-- What you have to do --
In the entries that follow, the lines from the line containing "Пуф-короб Auto Premium, с" up to and including the line containing "ff9298764 Ortega Argentina" must be copied exactly, with pictures omitted.

-- Data to process --
»»
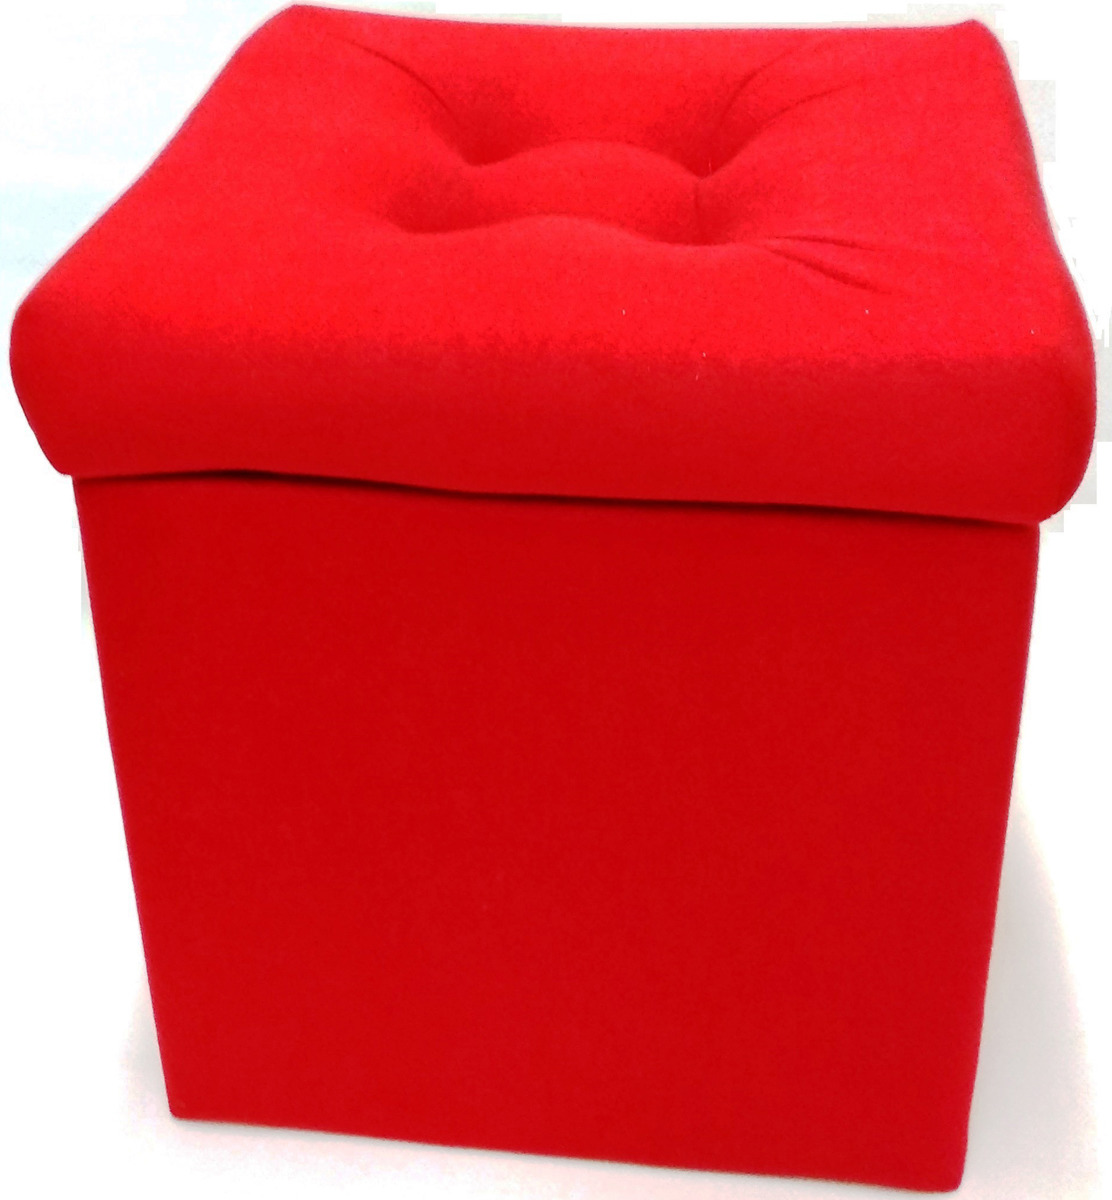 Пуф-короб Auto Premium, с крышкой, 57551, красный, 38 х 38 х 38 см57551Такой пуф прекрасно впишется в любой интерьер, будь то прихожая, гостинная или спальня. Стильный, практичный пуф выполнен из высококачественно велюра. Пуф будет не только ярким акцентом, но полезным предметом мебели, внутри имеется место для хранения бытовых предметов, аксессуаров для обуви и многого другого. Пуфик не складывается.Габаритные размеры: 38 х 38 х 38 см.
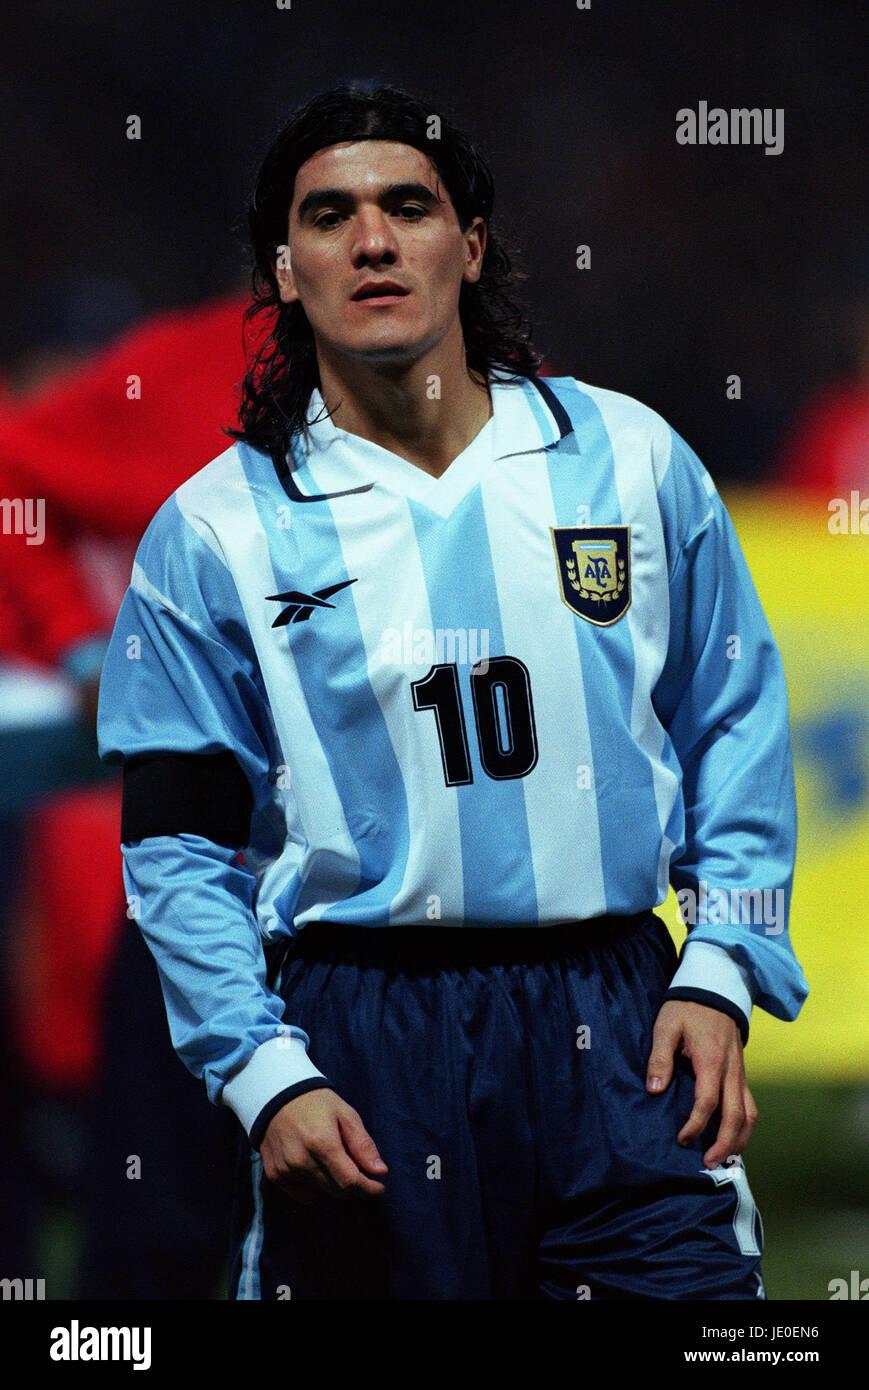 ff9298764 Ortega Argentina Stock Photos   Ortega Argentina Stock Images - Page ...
««
»»
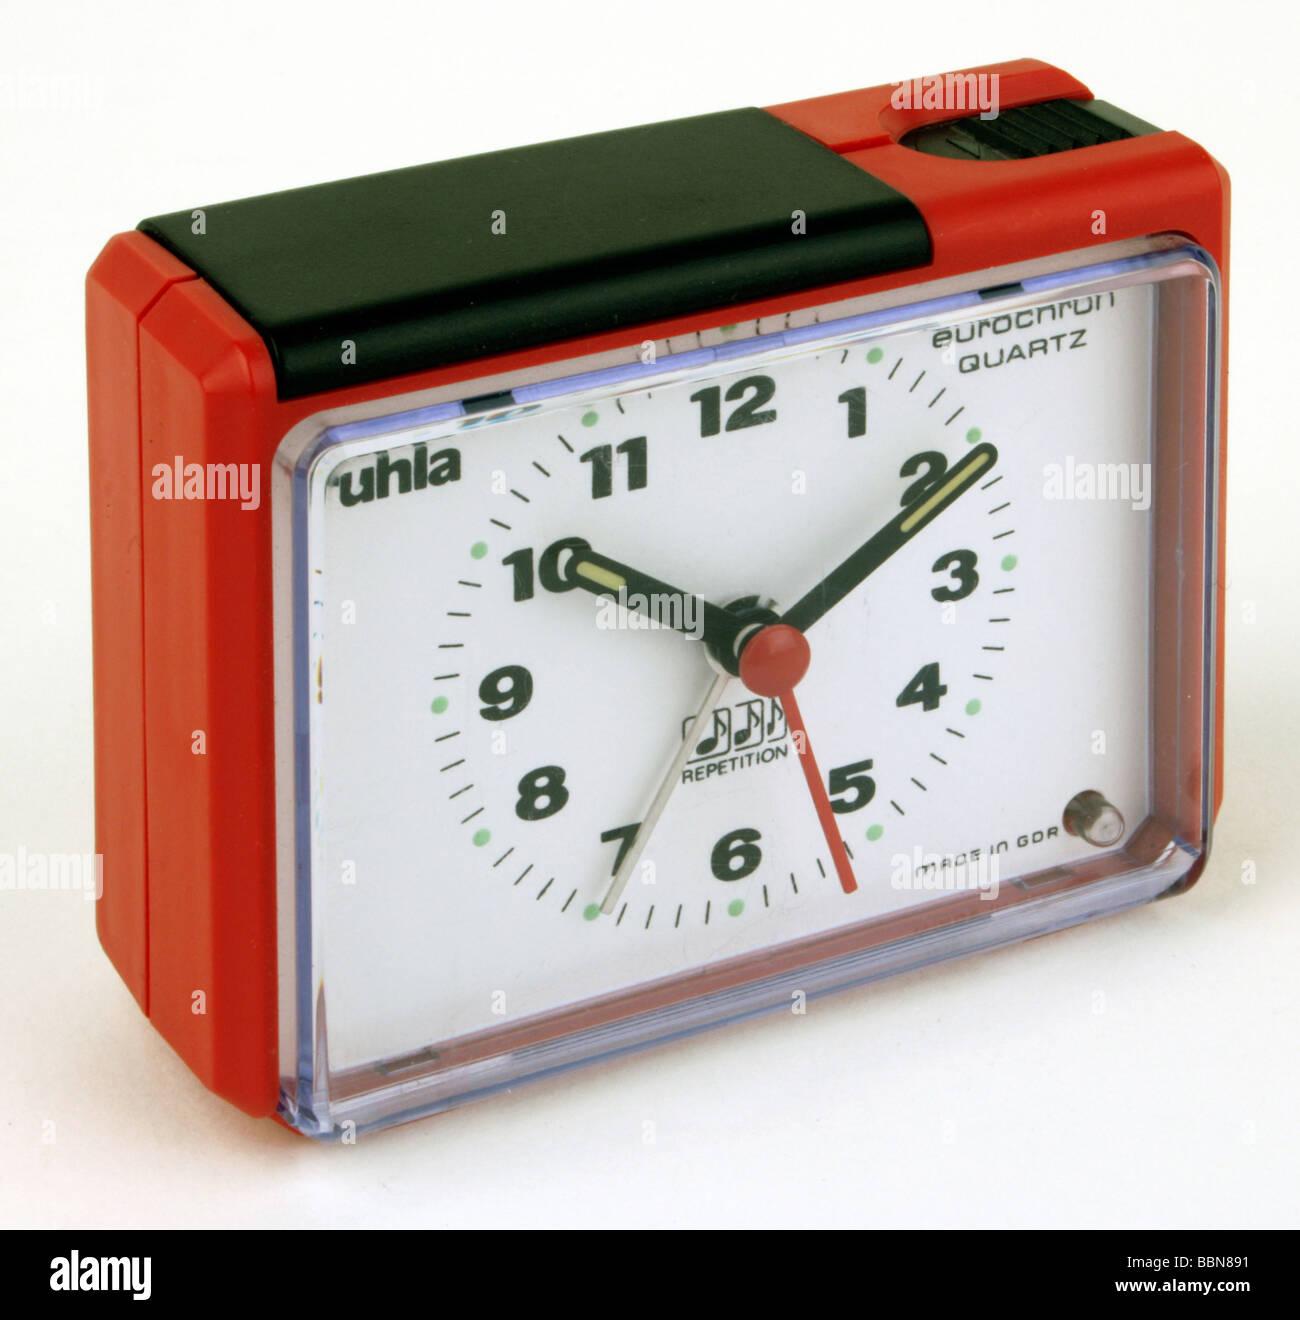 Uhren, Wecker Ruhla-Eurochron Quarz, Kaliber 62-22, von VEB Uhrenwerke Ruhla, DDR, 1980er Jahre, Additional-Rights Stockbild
««
-- Exercise answer --
 Пуф-короб Auto Premium, с крышкой, 57551, красный, 38 х 38 х 38 см57551Такой пуф прекрасно впишется в любой интерьер, будь то прихожая, гостинная или спальня. Стильный, практичный пуф выполнен из высококачественно велюра. Пуф будет не только ярким акцентом, но полезным предметом мебели, внутри имеется место для хранения бытовых предметов, аксессуаров для обуви и многого другого. Пуфик не складывается.Габаритные размеры: 38 х 38 х 38 см.
 ff9298764 Ortega Argentina Stock Photos   Ortega Argentina Stock Images - Page ...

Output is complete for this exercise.